**WHAT YOU HAVE TO DO:** Word for word, restate the lines of the listing below from the line with "Spider Leg Table For Sale" through the line with "ClassicBond Porch Roof Kit with Black Trim", and do not include the pictures.

**DATA FOR THE TASK:**
____________
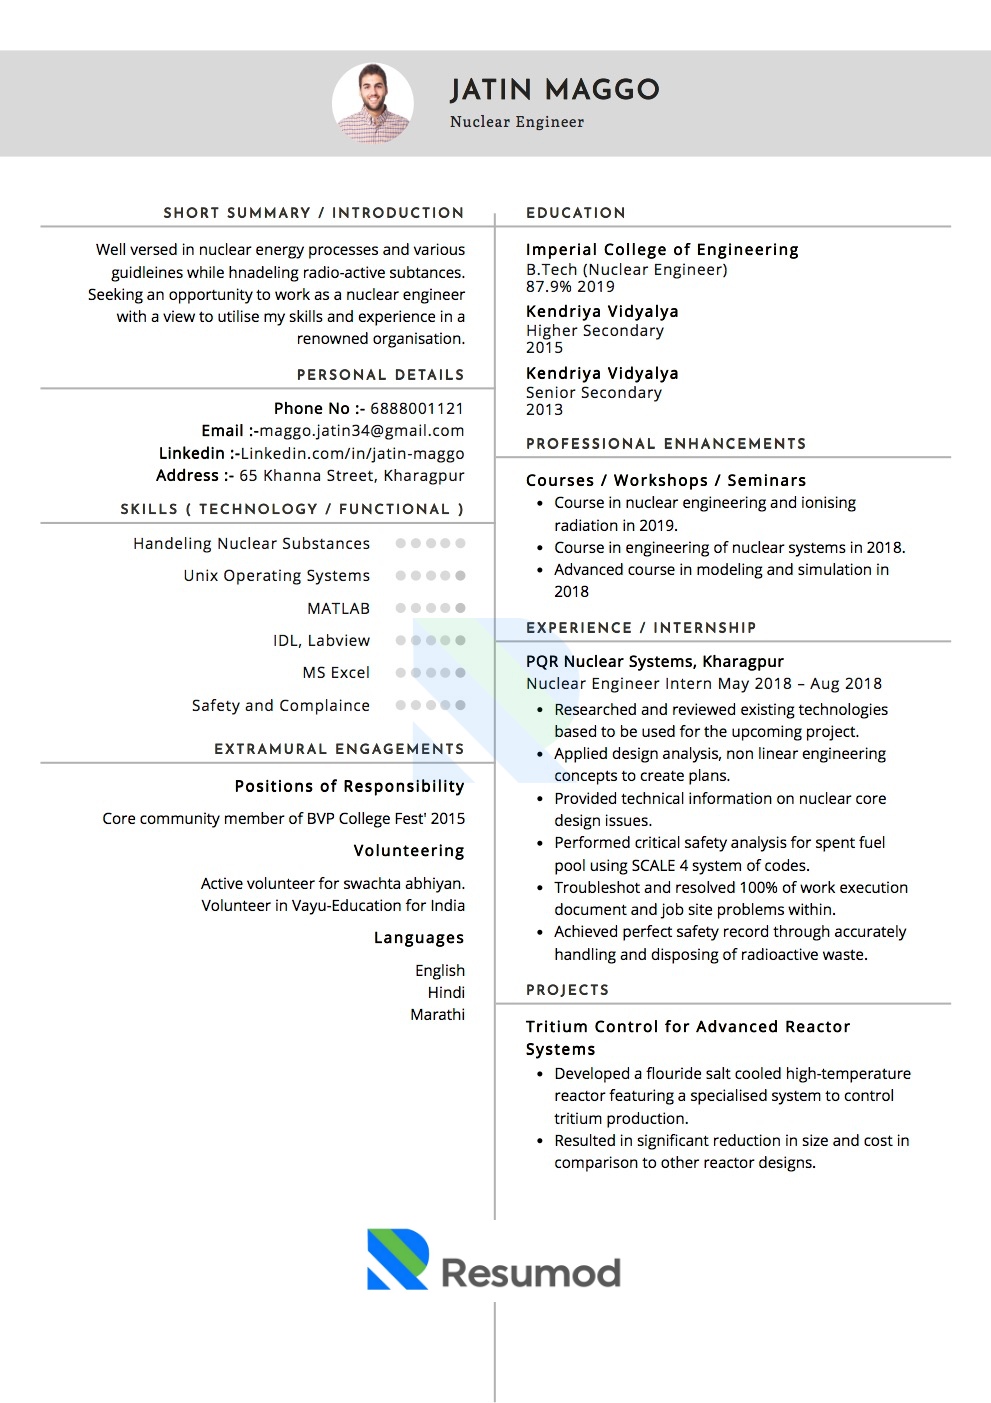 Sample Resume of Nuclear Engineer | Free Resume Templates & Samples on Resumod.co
____________
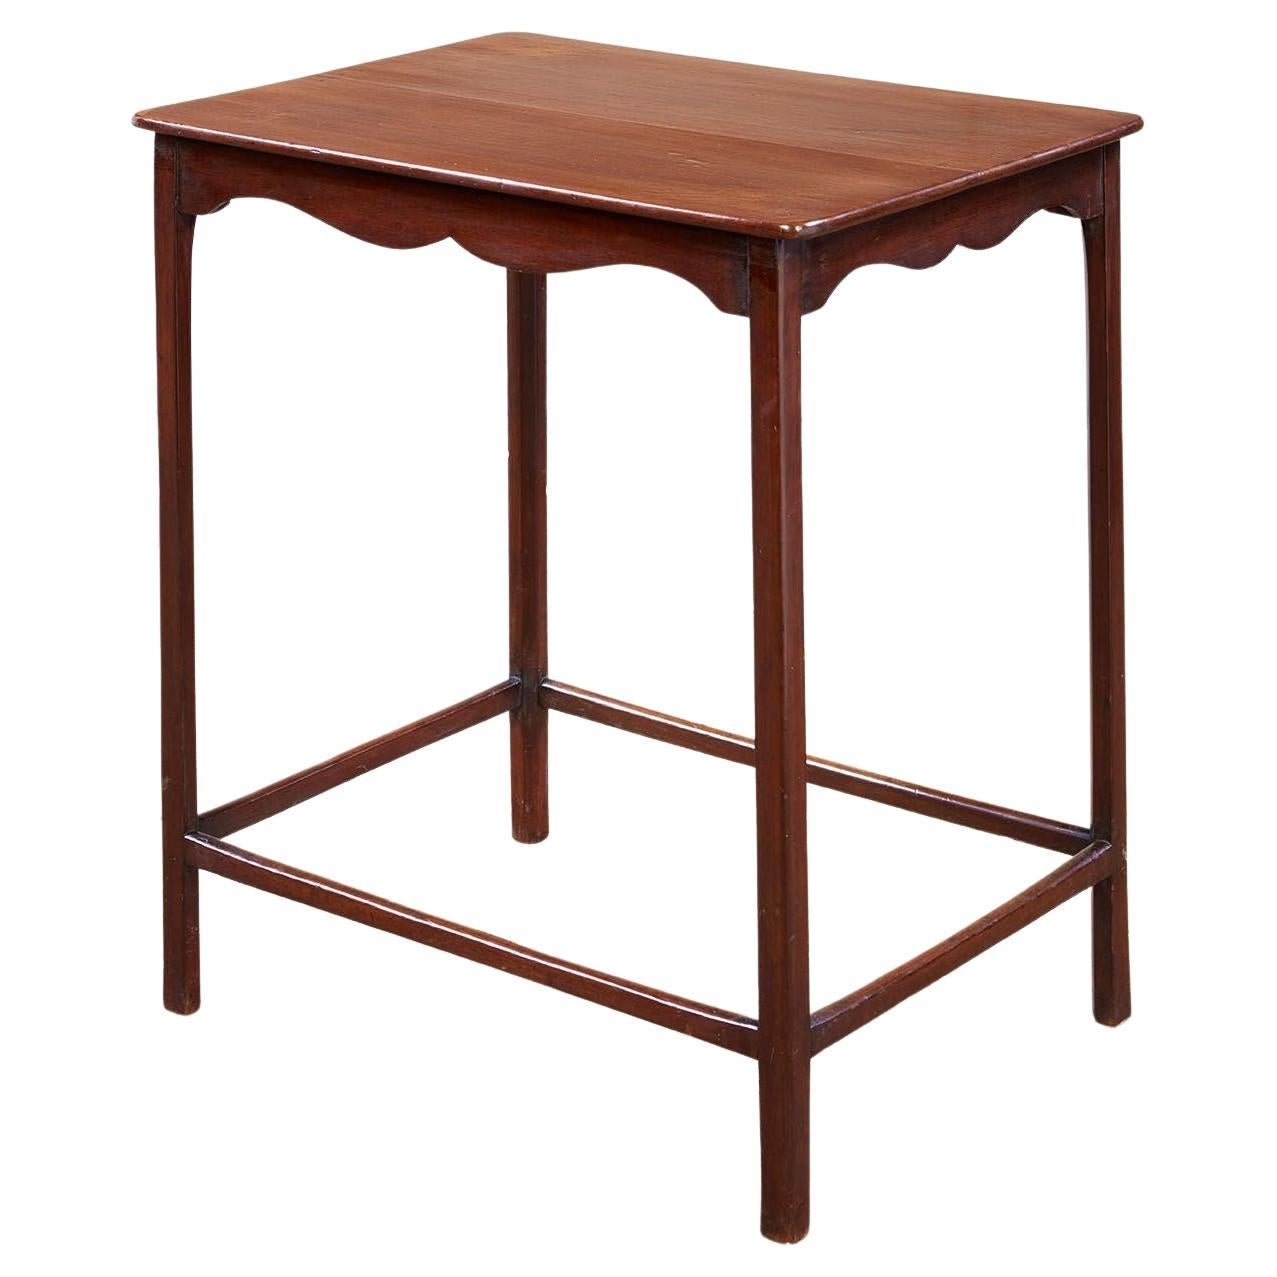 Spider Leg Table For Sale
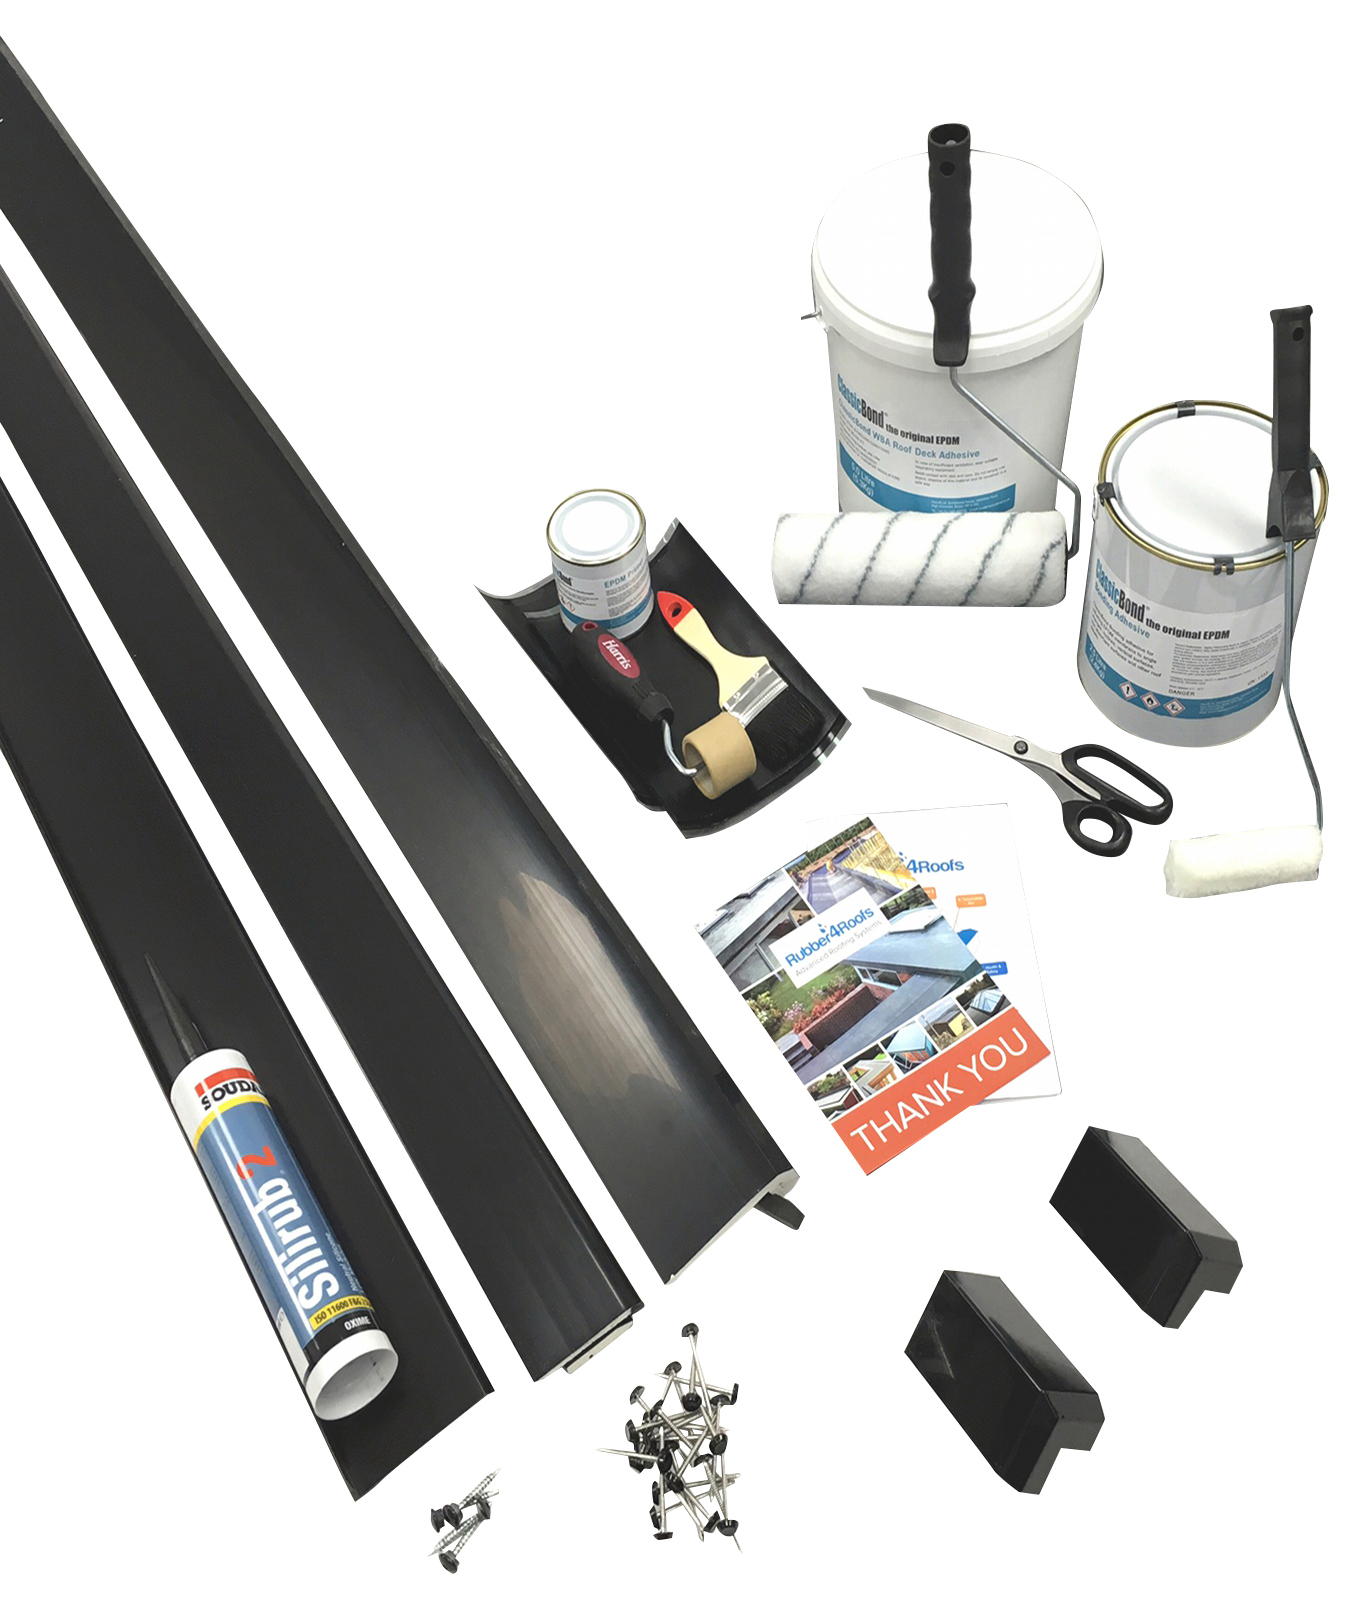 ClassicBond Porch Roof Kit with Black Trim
____________
**OUTPUT:**
 Spider Leg Table For Sale
 ClassicBond Porch Roof Kit with Black Trim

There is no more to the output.